> EXERCISE AIM
Working from the records below, repeat exactly the lines starting at the line that contains "X - Exigir justa" and ending at the line that contains "Nha khoa vạn", inclusive.

> RAW DATA

● ● ● ●

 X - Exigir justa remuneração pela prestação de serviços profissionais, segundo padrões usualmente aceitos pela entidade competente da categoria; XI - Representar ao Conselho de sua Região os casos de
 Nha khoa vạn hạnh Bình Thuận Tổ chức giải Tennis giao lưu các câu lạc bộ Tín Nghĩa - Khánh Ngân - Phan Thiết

● ● ● ●

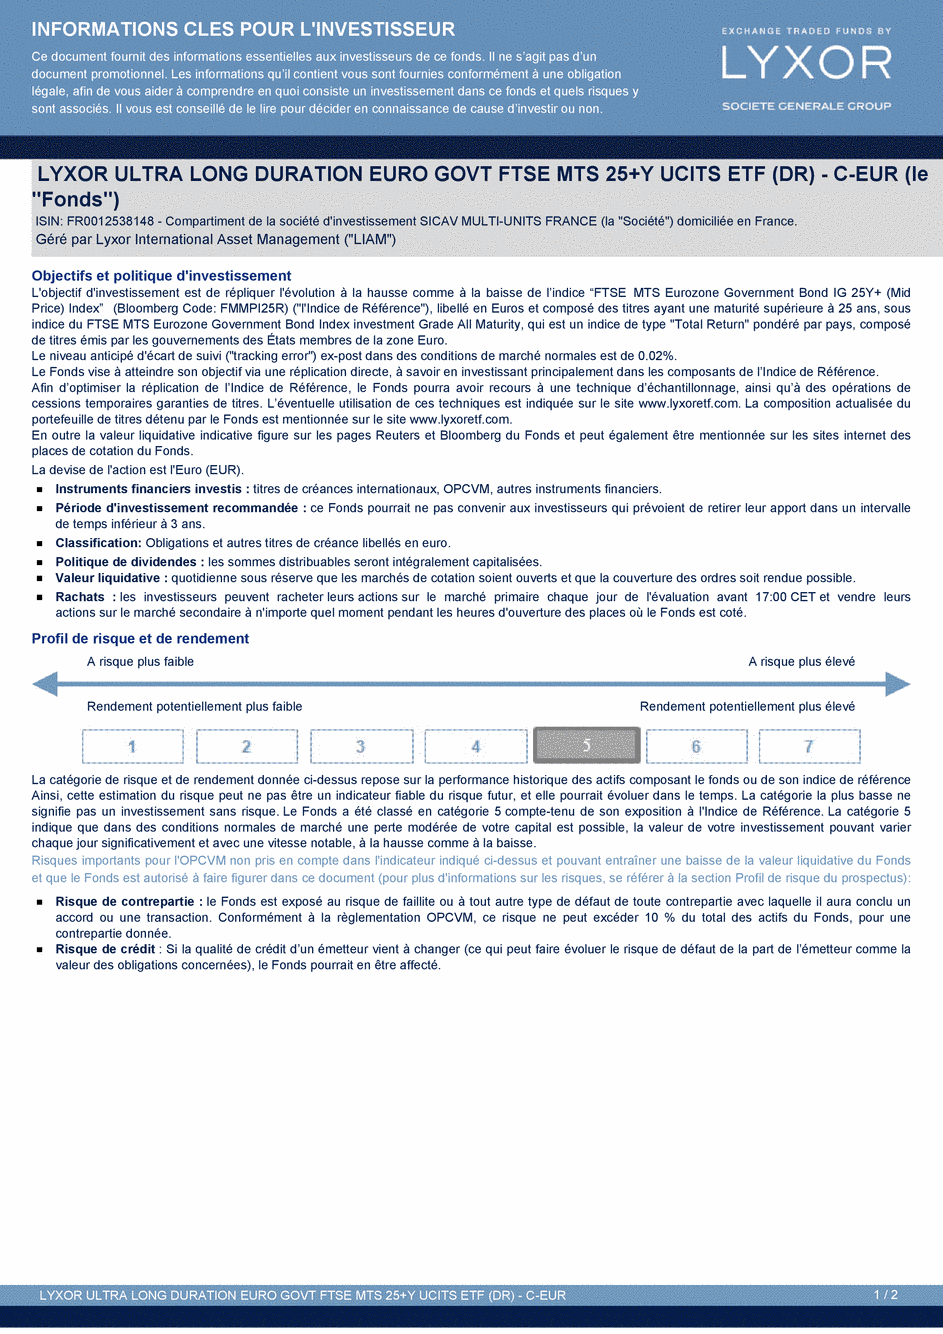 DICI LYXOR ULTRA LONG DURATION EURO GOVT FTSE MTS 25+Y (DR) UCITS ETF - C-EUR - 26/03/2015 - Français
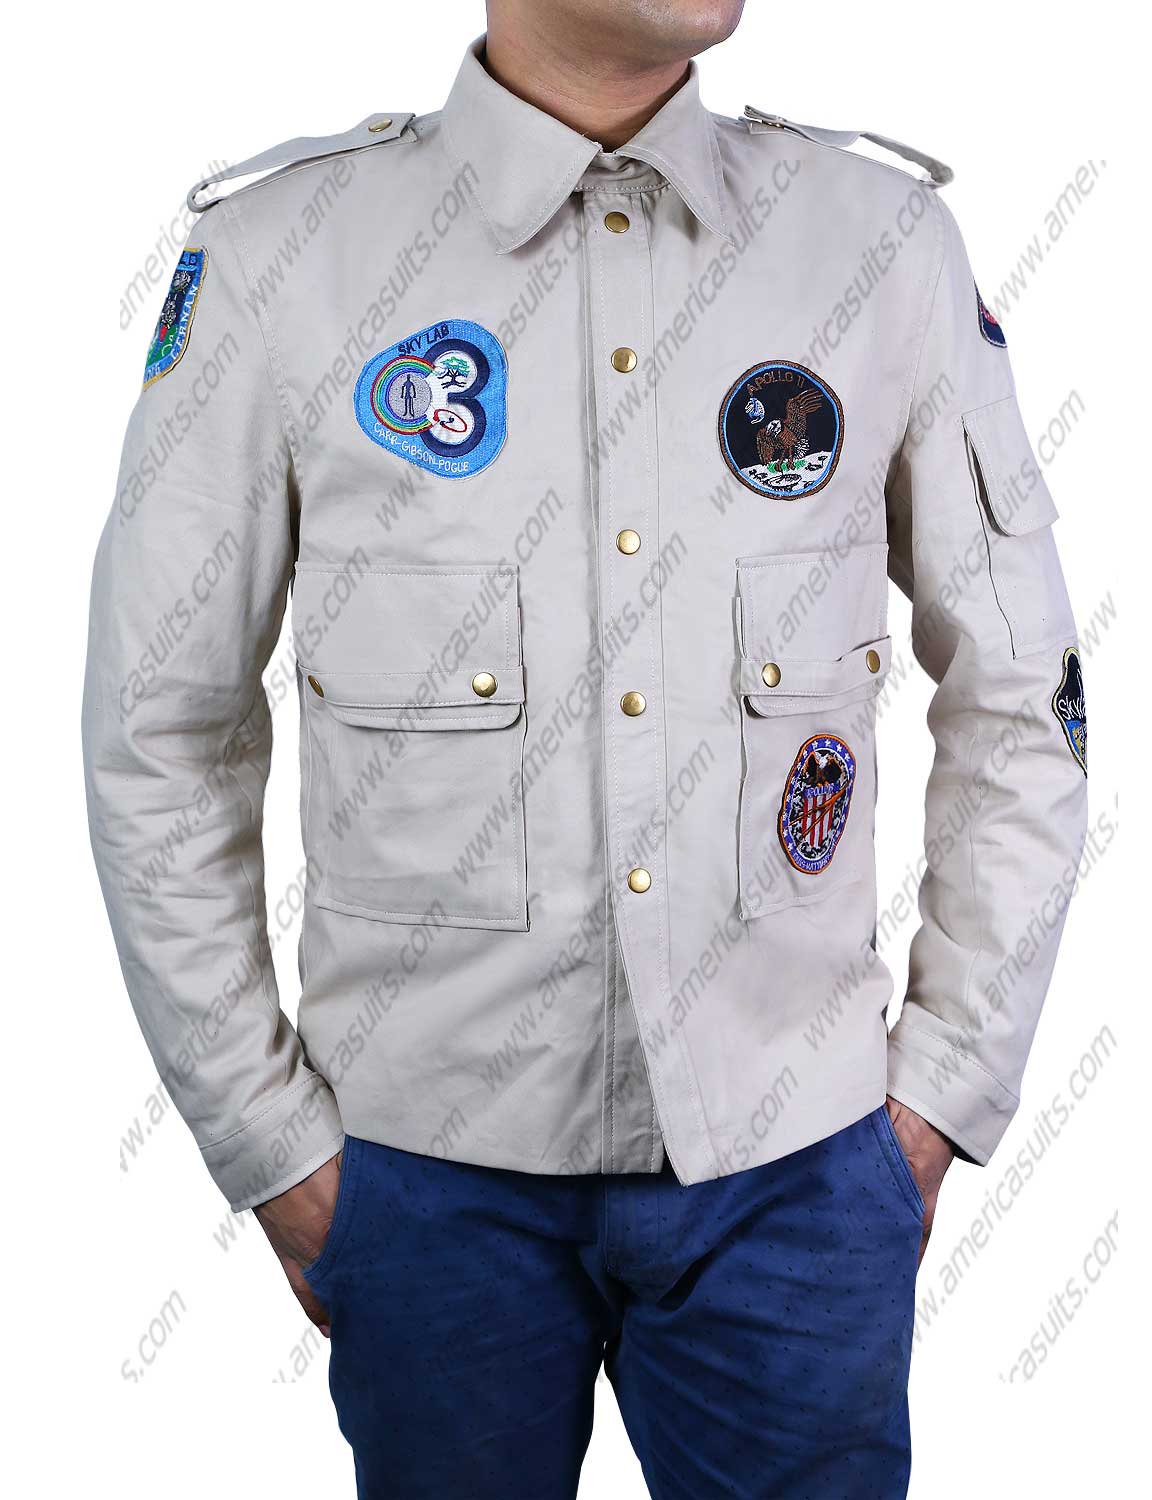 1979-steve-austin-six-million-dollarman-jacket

● ● ● ●

> OUTPUT
 X - Exigir justa remuneração pela prestação de serviços profissionais, segundo padrões usualmente aceitos pela entidade competente da categoria; XI - Representar ao Conselho de sua Região os casos de
 Nha khoa vạn hạnh Bình Thuận Tổ chức giải Tennis giao lưu các câu lạc bộ Tín Nghĩa - Khánh Ngân - Phan Thiết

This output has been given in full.